Subsequently, Validov served as chairman of the Bashkir Revolutionary Committee (21 February 1919–17 May 1919 and 30 January–26 June 1920) and attended the first congress of the Komintern, having also helped found the Muslim Erk party. However, by June 1920 he had despaired of the Soviet government fulfilling its promises, and he left his post at the head of the Bashrevkom and fled, with his entourage, to Central Asia to work with the Basmachi, as head of the National Union of Turkestan until 1923. From 1 to 5 September 1920, he was also present in Baku, secretly monitoring the Congress of the Peoples of the East.
In 1923, Validov went into exile, settling initially in Turkey, where he taught history at the University of Istanbul (1925–1932) and adopted the name Togan. He subsequently undertook studies for his doctorate at the University of Vienna (1932–1935), where he became an acquaintance of Sigmund Freud, and taught at Bonn and Göttingen Universities (1935–1939), before returning to the University of Istanbul.

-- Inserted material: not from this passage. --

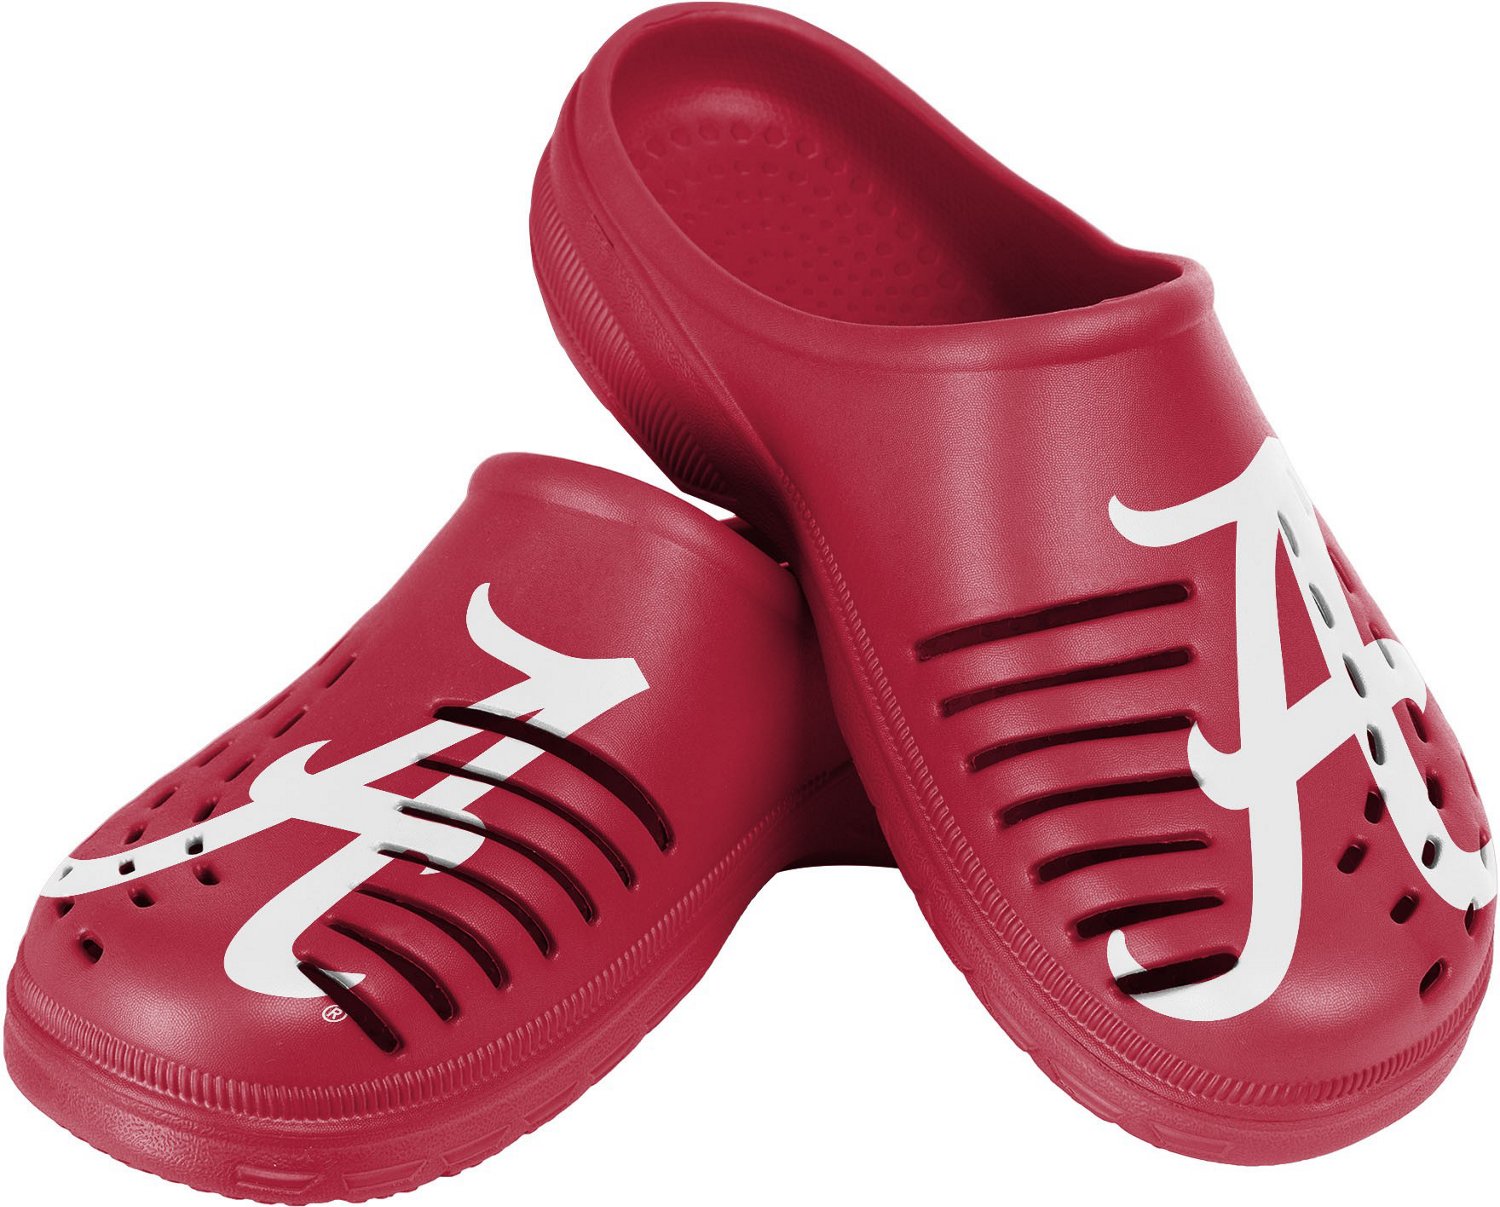 FOCO Men's NFL Team Logo Garden Water Sandals Shoes Slipper Clogs

With the Turkish government under pressure from Moscow, he was arrested there in 1944 and imprisoned for 17 months and 10 days, for “acts against the Soviets,” but returned to his post in 1948. He subsequently founded and became director of Istanbul’s very prestigious Institute for Islamic Studies in 1953.
Validov was the author of more than 400 scholarly works in Turkish and German on the history of the Turkic peoples. Despite his early exile, in Soviet Russia the term validovshchina (“Validovism”) was coined to denote the allegedly reactionary force of Bashkir nationalism in the Stalinist period, but since the collapse of the USSR, his name has been posthumously rehabilitated in his homeland, where he is now recognized as the father of the new Republic of Bashkortostan.
Vandam (Edrikhin), Aleksei Efimovich (17 March 1867–16 September 1933). Colonel (15 June 1915), major general (22 June 1917). One of the leading figures in the White movement in northwest Russia, A. E. Vandam was born into a military family in Moscow guberniia and was a graduate of the Vil′na Military School (1888) and the Academy of the General Staff (1899). In 1899, he traveled to South Africa, serving as a volunteer there, with the Boers, in their war with Britain. Then, from 1903 to 1906, he served as a military attaché in China, before returning to Russia to take up a number of postings as a staff officer. During this period he also wrote the first of his many works on geopolitics and military affairs. In the First World War, he commanded the 92nd Pechorsk Rifle Regiment (from 16 August 1915) and was chief of staff of the 23rd Infantry Division (from 14 November 1916) before transferring to the staff of the main commander in chief of the Russian Army, on 27 September 1917.